Mademoiselle,
Avec grand dépit je mesure toute la différence entre la parcelle d'amitié congrue qui vous inspire d'austères et bienséantes amabilités à mon endroit, et la part majeure de commerce plus intime qui entraîne trop souvent vos paroles loin des pensées décentes auxquelles nous sommes accoutumés.
Si je vous réponds avec tant d'immodestie, soyez convaincue Mademoiselle que c'est surtout pour vous mieux plaire et garder intacte votre flamme. Lorsque dans les lettres que vous me destinez vos termes blessent l'honneur qui sied à une telle entente, je réagis avec une même audace, soucieux avant tout de constance, de durabilité, de réciprocité. Et non avide de sensualité. Ma ferveur impie est affectée. Pour être agréable à vos yeux je feins de partager vos désirs de voluptés lascives, alors qu'en réalité je suis, en vous lisant, sous l'empire d'un feu plus désincarné...
L'émotion élevée qui m'habite vaut mieux que l'ivresse commune, grossière et bien moins honnête des sens.

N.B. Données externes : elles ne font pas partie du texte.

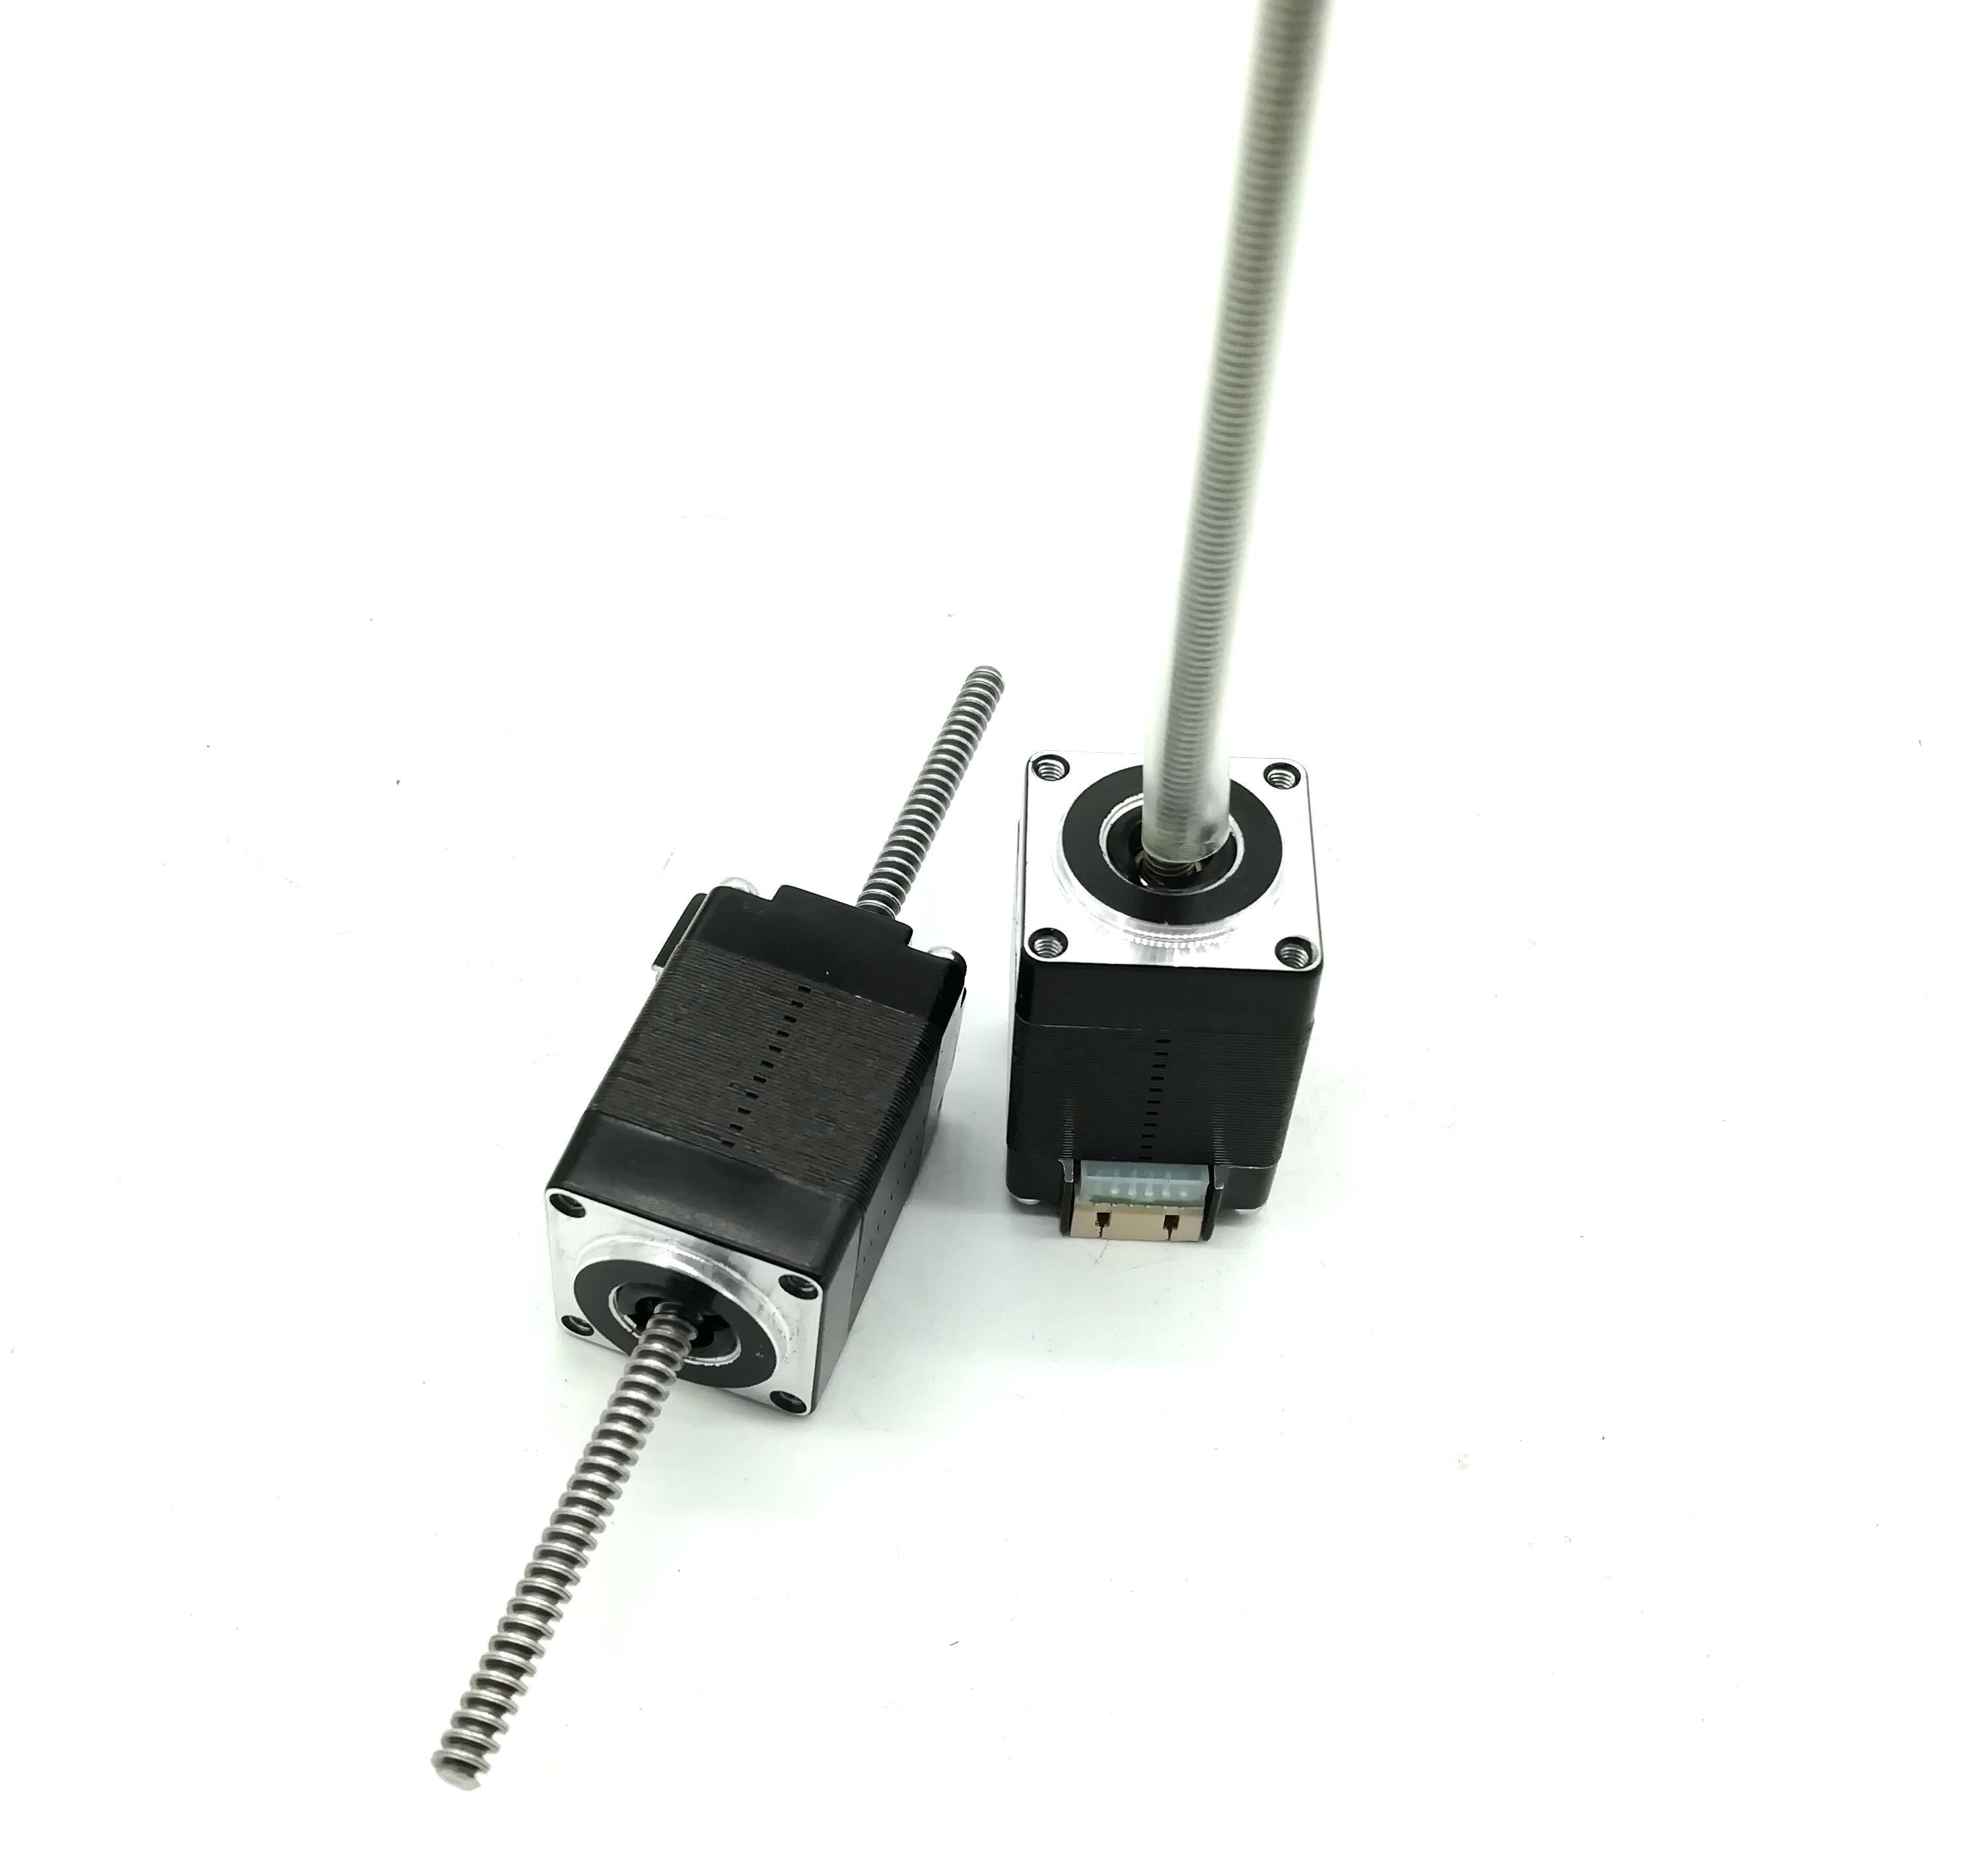 Motor deslizante linear não cativo longo de nema8 de 100mm com parafuso de chumbo tr3.5 * 0.61mm

Non Mademoiselle, je ne suis pas ce bouc épris de luxure que vous aviez imaginé. Ma place n'est pas sous vos dentelles, au seuil de votre hymen, au centre de votre fièvre, mais dans cet autel sacré qui palpite en vous. De grâce, pour l'avenir préservez ma chasteté de vos impudeurs. Comprenez qu'à force de lire vos missives, et ce indépendamment du sens de vos écrits, de leur contenu, mes sentiments se sont finalement réglés sur ces lignes vôtres qui pourtant violent ma mâle pudeur. Votre prose vient à moi chaque jour comme une amante à des rendez-vous espérés, sachez-le. En dépit des outrances que vous m'adressez, que j'attends et qui cependant offensent ma délicatesse...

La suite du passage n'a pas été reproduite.